Nell’andirivieni tra la bianca e falcata Copacabana e i ponti sospesi sul Danubio, dai colori e sapori tropicali di Rio all’eclettismo mitteleuropeo di Budapest, dalla musicalità sensuale delle parole portoghesi intinte d’Africa alla cadenza ugrofinnica esotica ed impenetrabile per l’orecchio indoeuropeo, le vicende del protagonista si scompigliano fino a tenere il lettore sulla corda, nell’incertezza tra una storia di cambio d’identità e una di doppia identità, nel dubbio se si stia leggendo la storia dell’ungherese Zsose Kósta che vive a tratti un delirio brasiliano nei panni di un certo José Costa, o se invece si stia assistendo alla progressiva mutazione del ghost-writer brasiliano in un fine dicitore ungherese.
Chico Buarque avrebbe anche potuto indugiare nella nebulosa di indefinitezza di questo dilemma già esplorato da altri autori, ma è ben deciso ad andare oltre e ad attraversare l’abisso con l’apoteosi dello sconcerto concertato: stacca dalla realtà la vita di José Costa/Zsose Kósta per farla diventare carta, pagine di un romanzo falsamente autobiografico scritto da un altro ghost-writer, talmente ghost che non ha nemmeno identità, il Signor…: “E il momento dopo si intimidì, perché ora leggevo il libro allo stesso tempo in cui il libro succedeva” (p. 138), innescando un rompicapo di scatole cinesi e concludendo con una dissolvenza incrociata che riprende la chiusura del Ginografo, ulteriore storia nella storia, altra falsa autobiografia di un emigrato tedesco in Brasile che scrive sul corpo delle donne amate, una delle tante opere fantasma di José Costa.
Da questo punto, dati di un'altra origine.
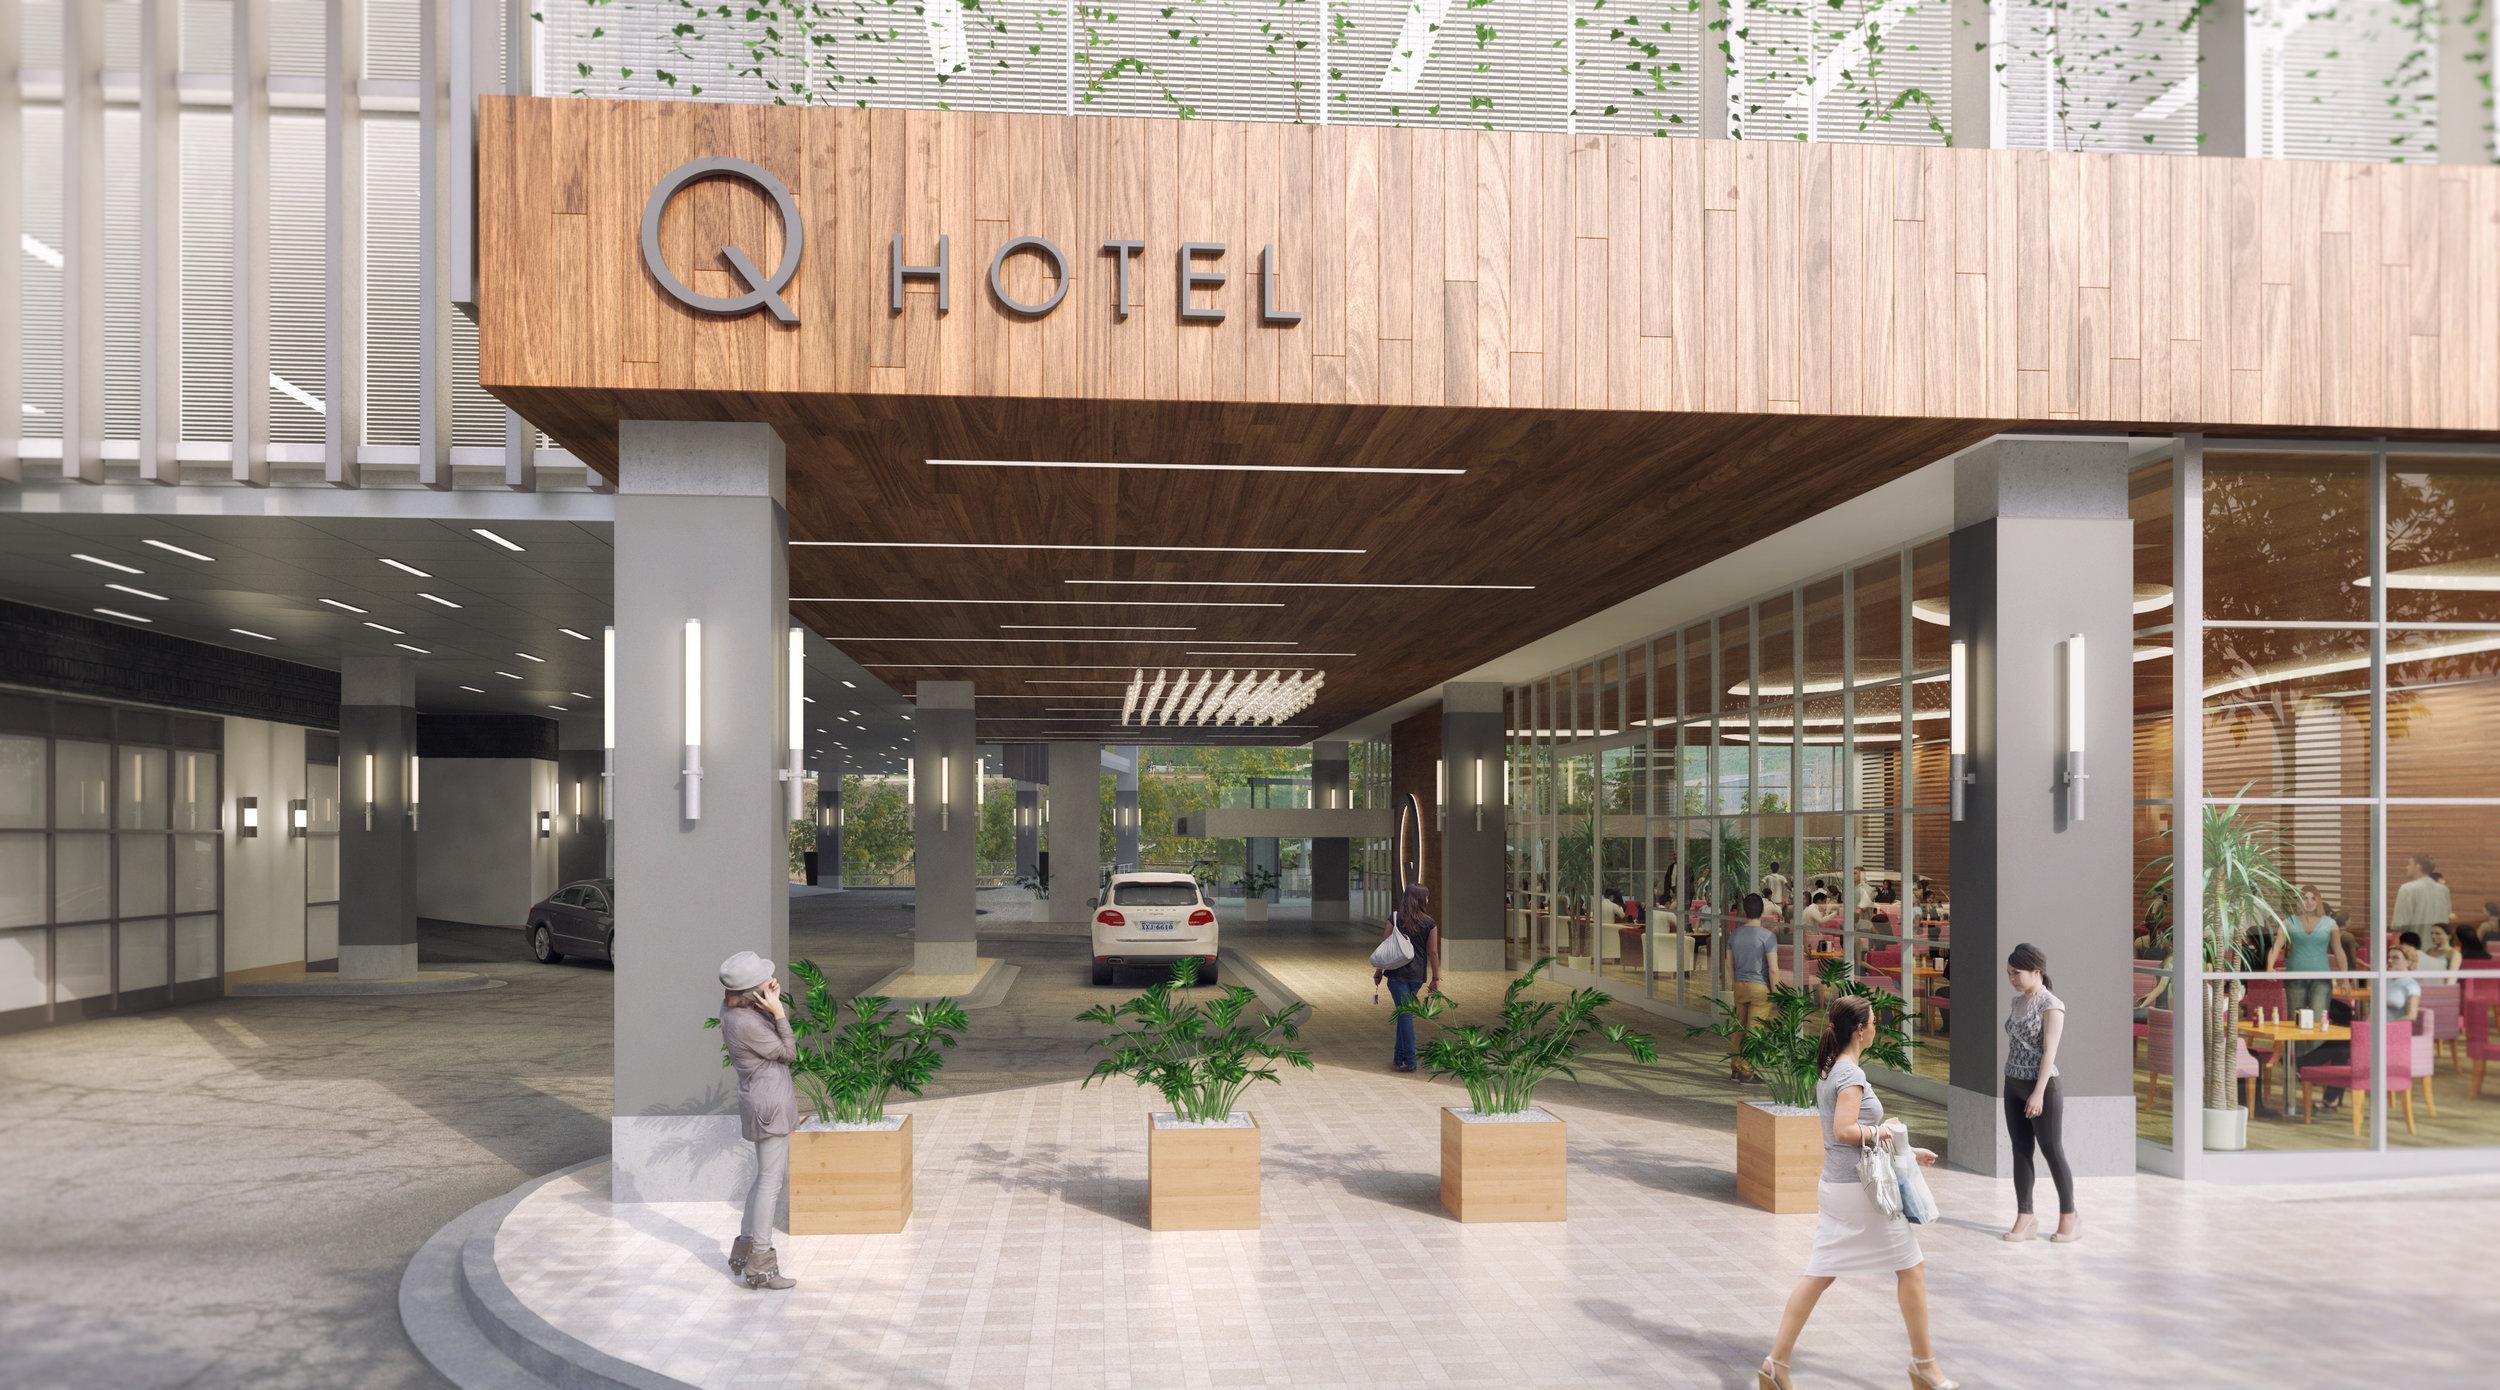 Q-Hotel_View-03.jpg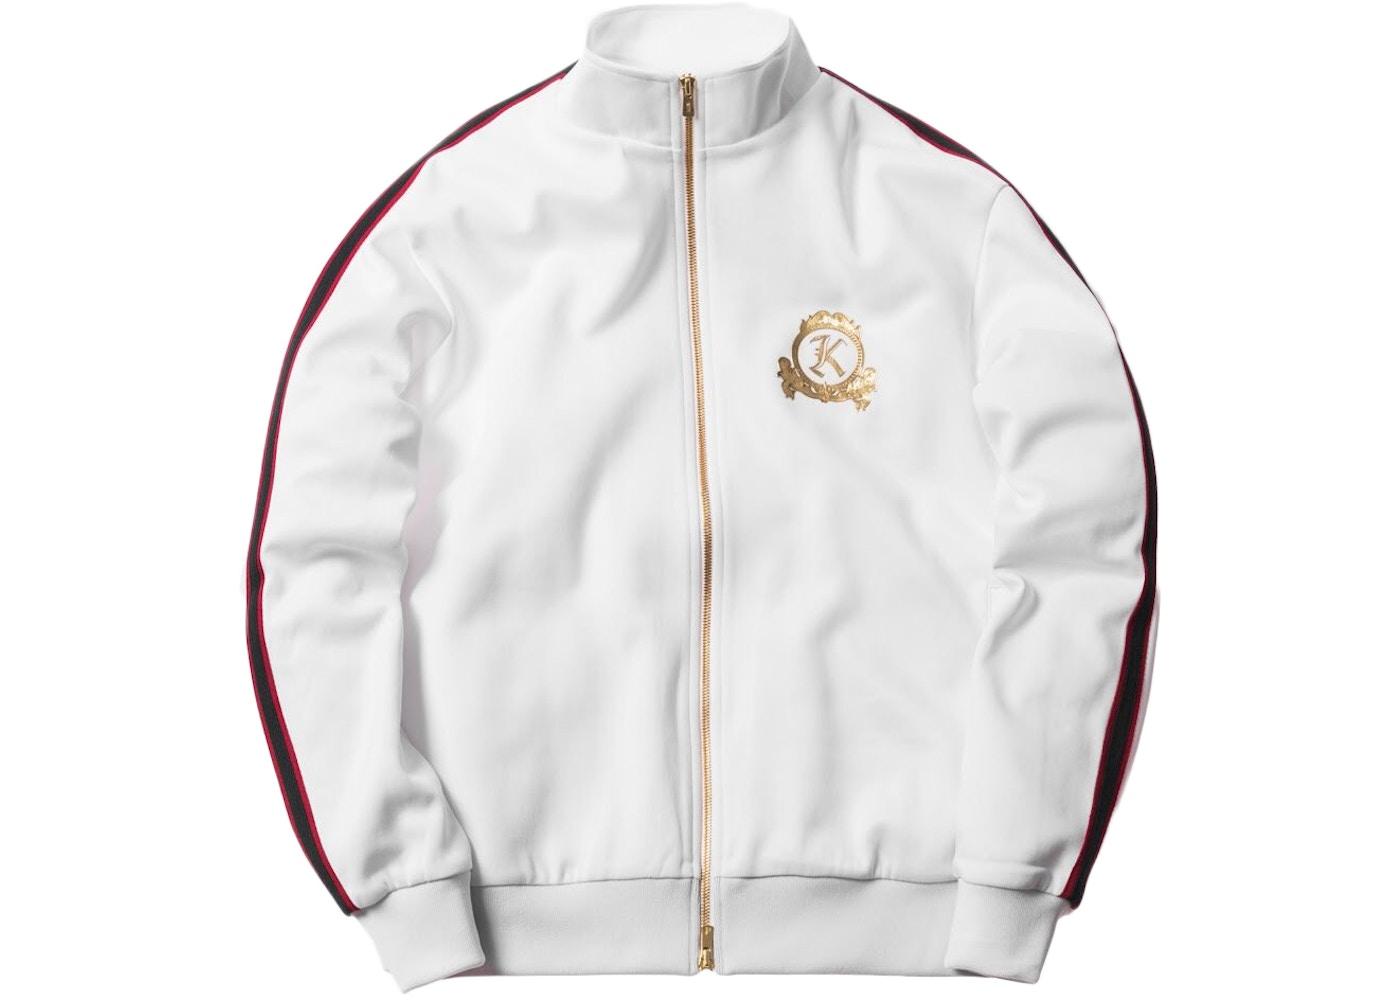 b74fa873ef09b Streetwear - Kith Jackets - Lowest Ask

Ci vuole talento e padronanza della materia per architettare un simile impianto letterario e per scriverlo fino in fondo senza cadute di stile, senza scivolare nell’abisso della banalità o del kitsch, e altresì con una naturalezza che ha buon gioco nel produrre il complessivo effetto straniante.
I testi delle canzoni di Chico Buarque de Hollanda lasciano intuire l’ispirazione e la sensibilità del poeta, ma che Chico Buarque sia anche uno scrittore autentico lo si scopre leggendo un libro come Budapest.